### Task to carry out:
Restate the whole listing below word for word and keep the images out.

### Available data:
=-=-=-=-=

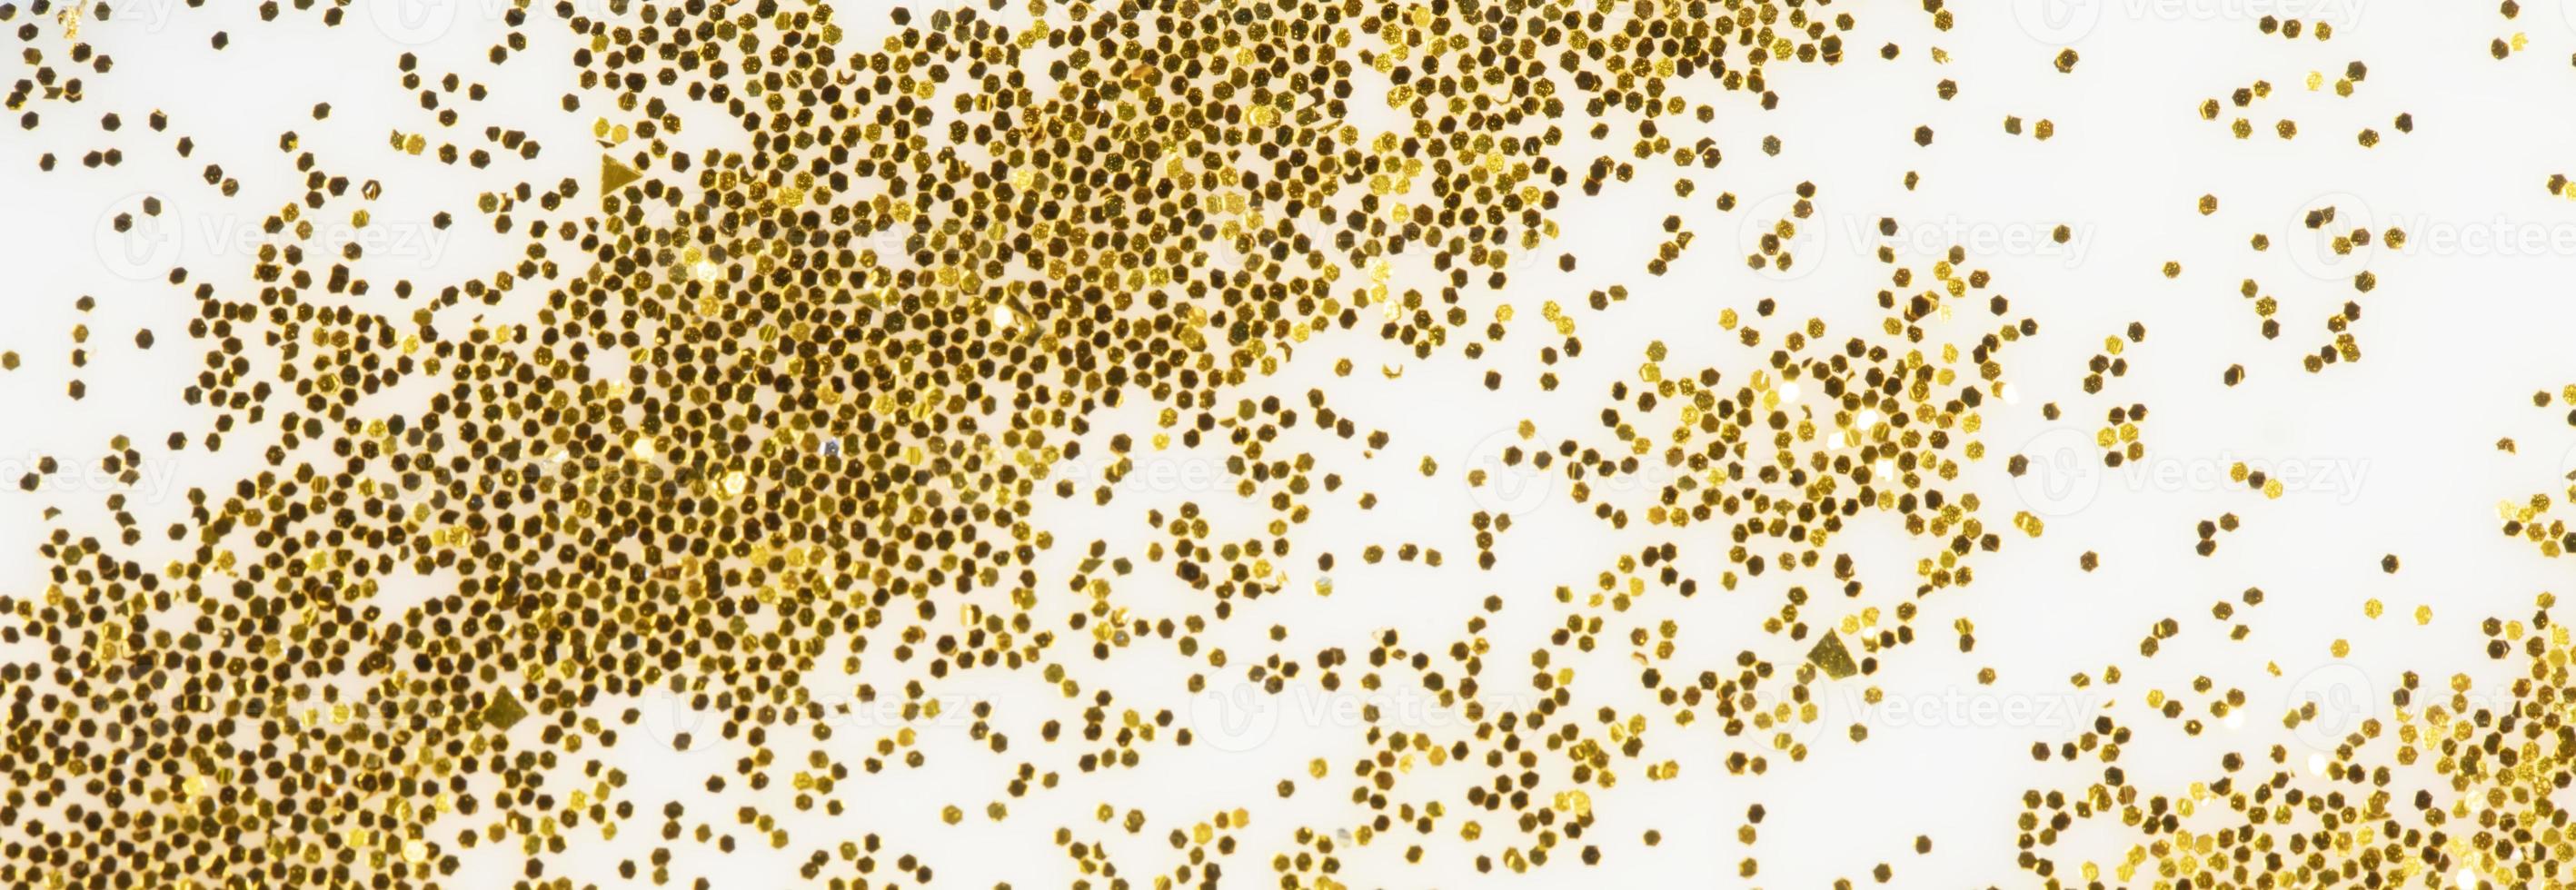 festlig eller glamorös bakgrund. guld pärlar spridd på en vit bakgrund. foto
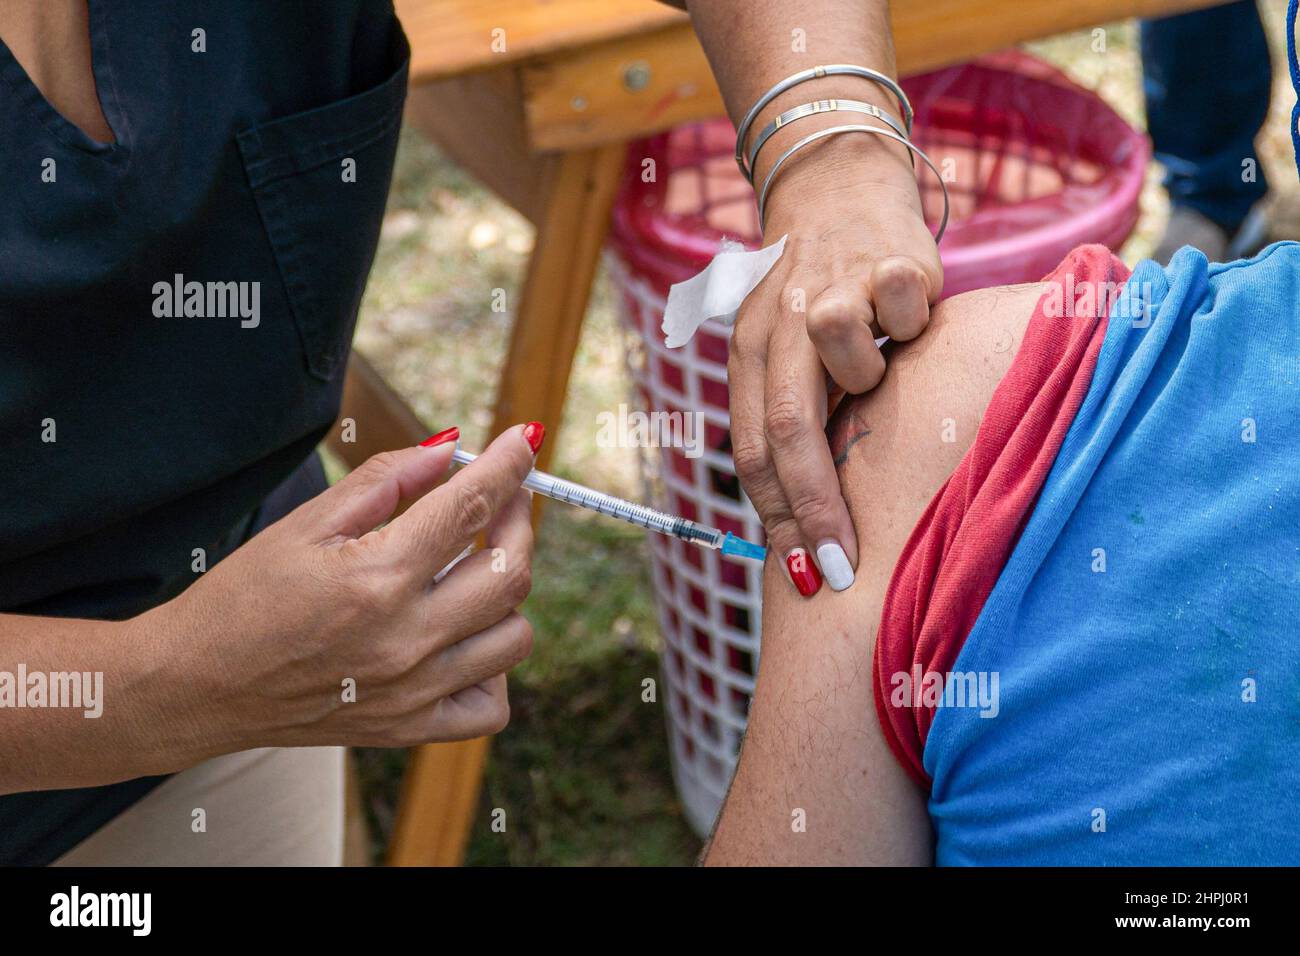 Firmat, Santa Fe, Argentine. 17th févr. 2022. Un agent de santé administre un jab de rappel Covid-19 à une femme dans un centre de vaccination.la province de Santa Fe en Argentine a commencé à appliquer une troisième dose du vaccin COVID-19 à tout citoyen âgé de plus de 18 ans sans avoir au programmer. Le vaccin de choix pour ce rappel est le Pfizer/Biontech. (Image de crédit : © Patricio Murphy/SOPA Images via ZUMA Press Wire) Banque D'Images
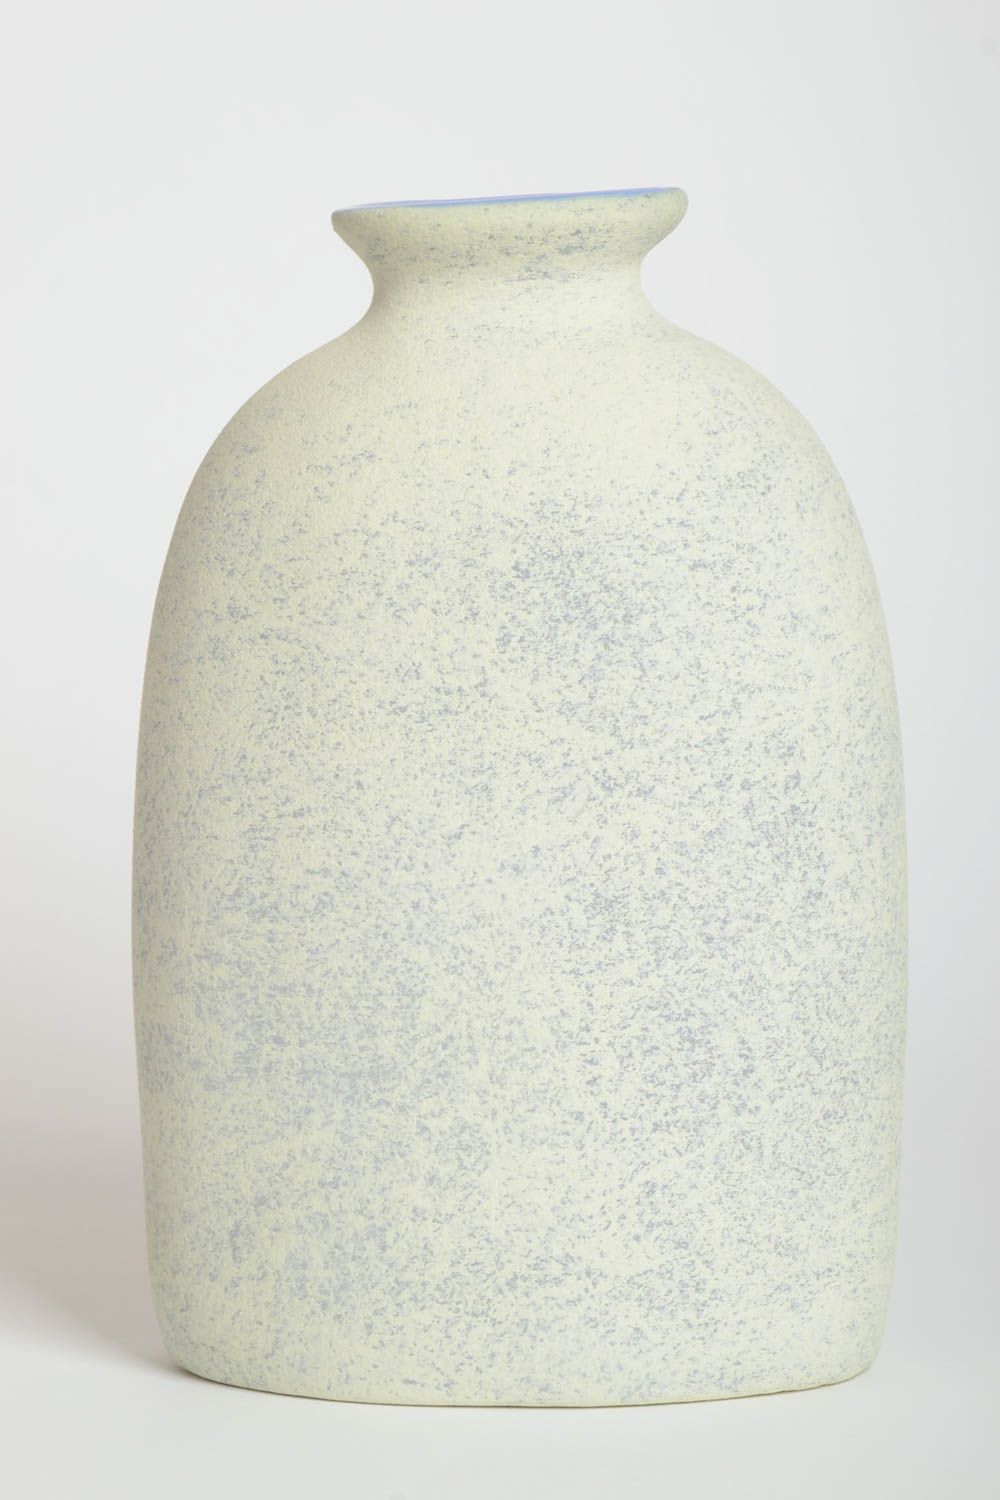 9 inches ceramic handmade art vase for flowers 2 lb photo 4

=-=-=-=-=

### Answer for the task:
 festlig eller glamorös bakgrund. guld pärlar spridd på en vit bakgrund. foto
 Firmat, Santa Fe, Argentine. 17th févr. 2022. Un agent de santé administre un jab de rappel Covid-19 à une femme dans un centre de vaccination.la province de Santa Fe en Argentine a commencé à appliquer une troisième dose du vaccin COVID-19 à tout citoyen âgé de plus de 18 ans sans avoir au programmer. Le vaccin de choix pour ce rappel est le Pfizer/Biontech. (Image de crédit : © Patricio Murphy/SOPA Images via ZUMA Press Wire) Banque D'Images
 9 inches ceramic handmade art vase for flowers 2 lb photo 4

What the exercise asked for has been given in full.